Application of the Dead Man’s Statute
The plaintiff will be faced with a tough tactical decision with respect to the Dead Man’s Statute, CRS § 13-90-102. The self-serving testimony of the defendant as to statements by the decedent regarding the intention to make a gift may be necessary to satisfy the shifted burden of proof on the part of the defendant. The defendant may not be able to satisfy this burden if the Dead Man’s Statute is applicable.
The focus of the Dead Man’s Statute is on the relationship to the decedent of the party seeking the protection of the statute. Thus, the Colorado Supreme Court in Askins v. Easterling32 held that the Dead Man’s Statute did not apply where the parties were sued or defended as grantor and grantee and not as heirs, which is frequently the case in constructive trust litigation.
Income tax records can be an extremely helpful source of evidence, particularly if the defendant has not reported income from assets that the defendant is now claiming were transferred as a gift or the income was reported on the transferor’s return. Most of the records regarding the assets transferred (such as bank accounts) will be in the defendant’s possession and control. Thus, to prove damages, carefully worded Requests for Production may be necessary.
Defendants frequently will claim not to have any records essential to the plaintiff’s case, requiring the plaintiff to obtain releases of information directed to financial institutions, providers of medical services (regarding the transferor’s physical and mental condition), and other third parties from the plaintiff. With the passage of time, those records will be difficult, if not impossible, to obtain.

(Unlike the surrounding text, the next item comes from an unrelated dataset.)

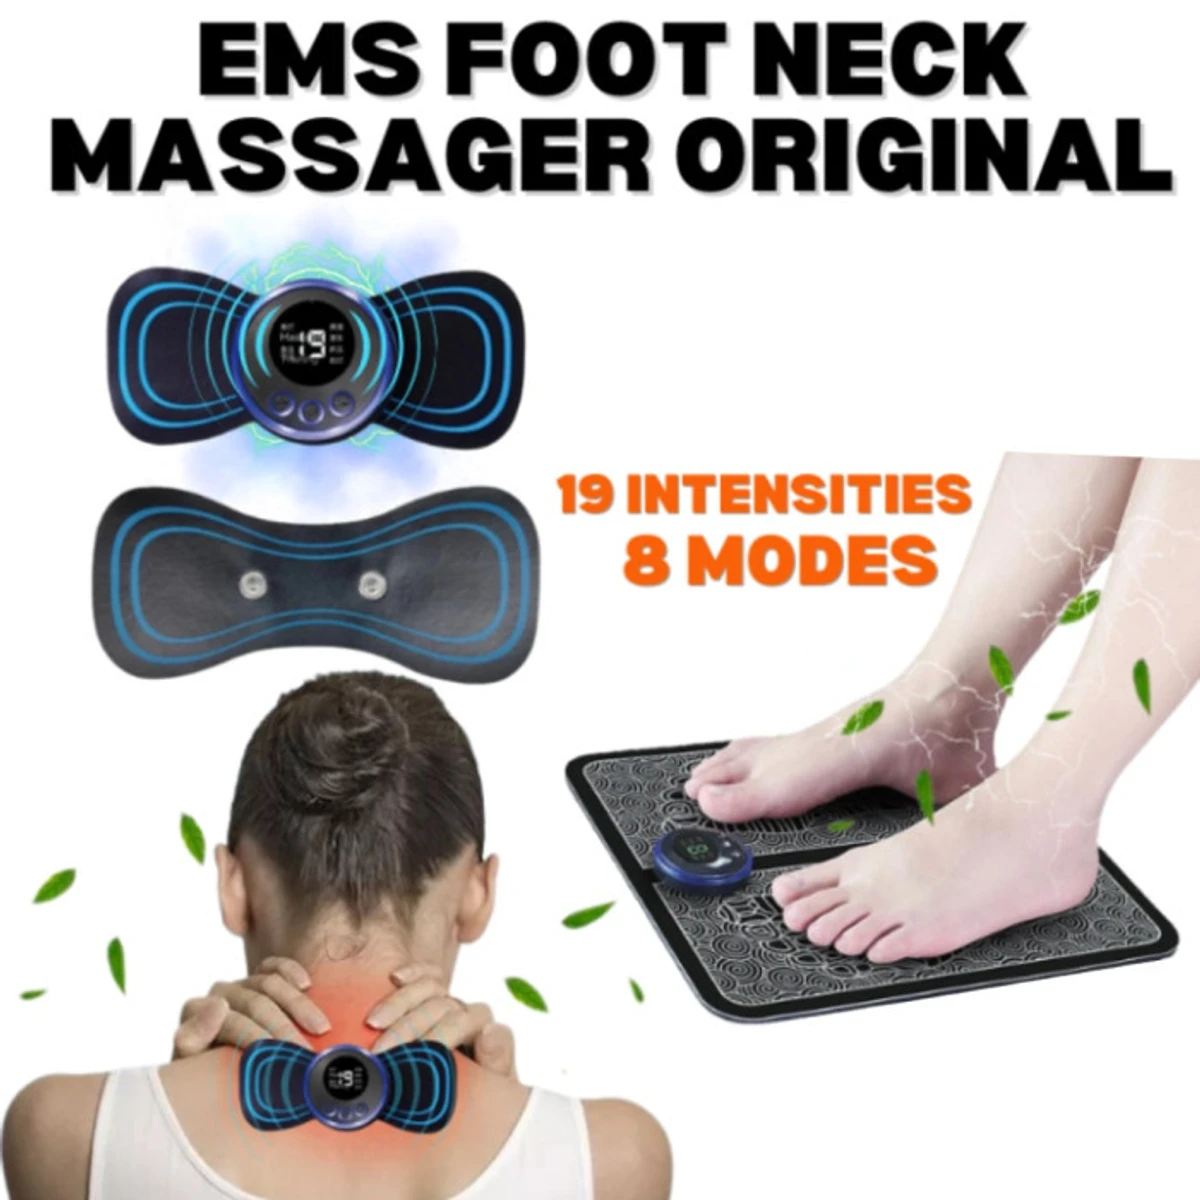 Body Massager +Foot Massager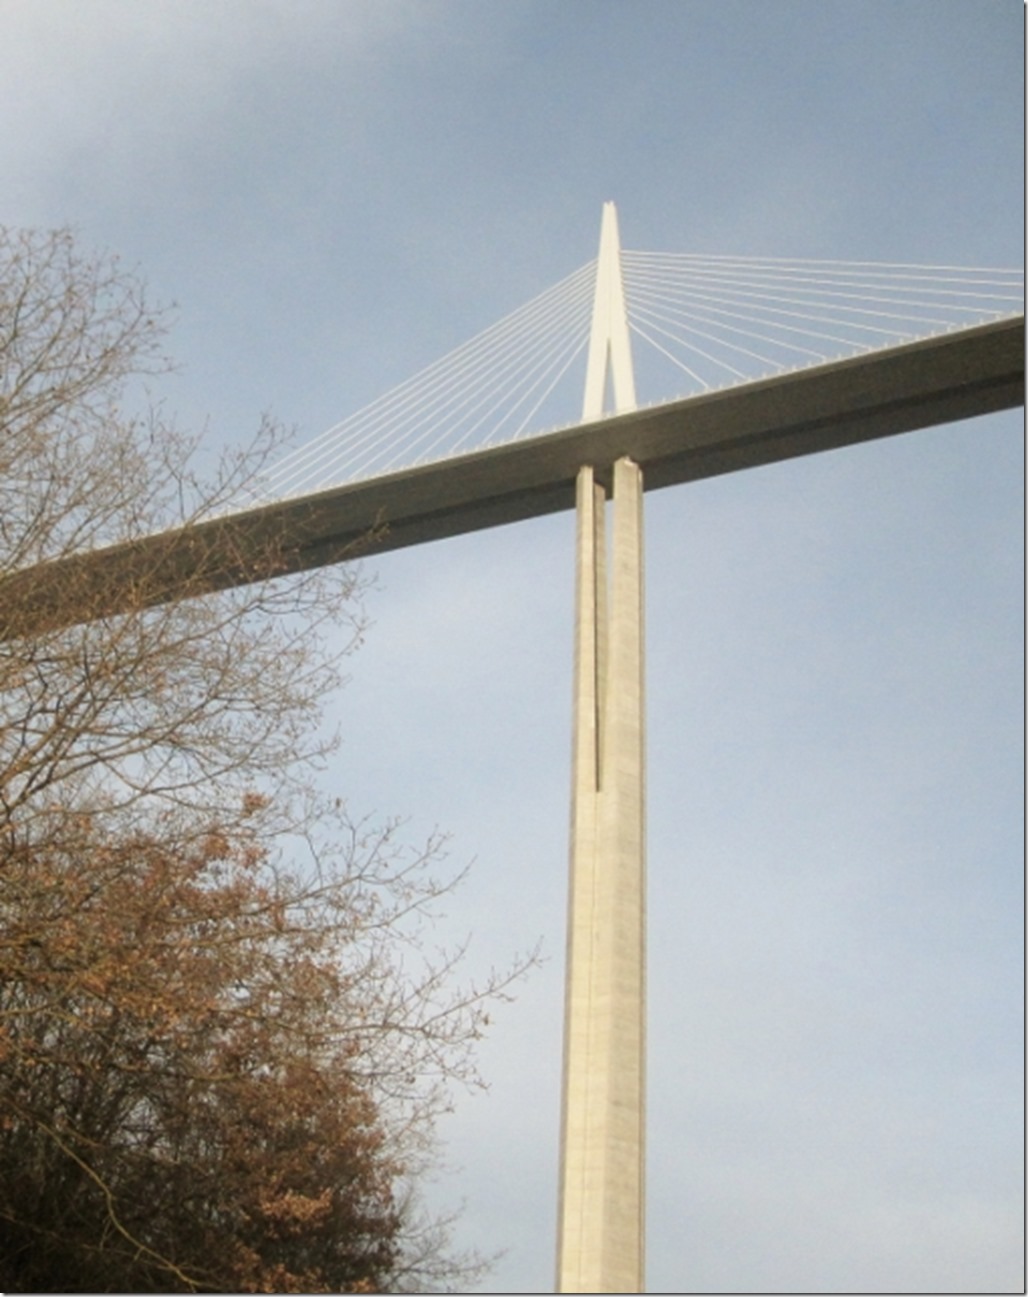 150307 France-Millau Viaduct (26) (508x640)

Existing estate planning documents should be reviewed for inconsistency between the transferee and the intended beneficiaries of the transferor on the transferor’s death. In one instance, a child claimed rights of survivorship in a joint tenancy bank account. When it was revealed that the child had been given a power of attorney and had sometimes added “PoA” after her signature on checks from the account, the case was quickly settled on terms favorable to the other child. Shared income from the assets with the transferor or a deceased transferor’s other beneficiaries also is strong evidence supporting imposition of a constructive trust.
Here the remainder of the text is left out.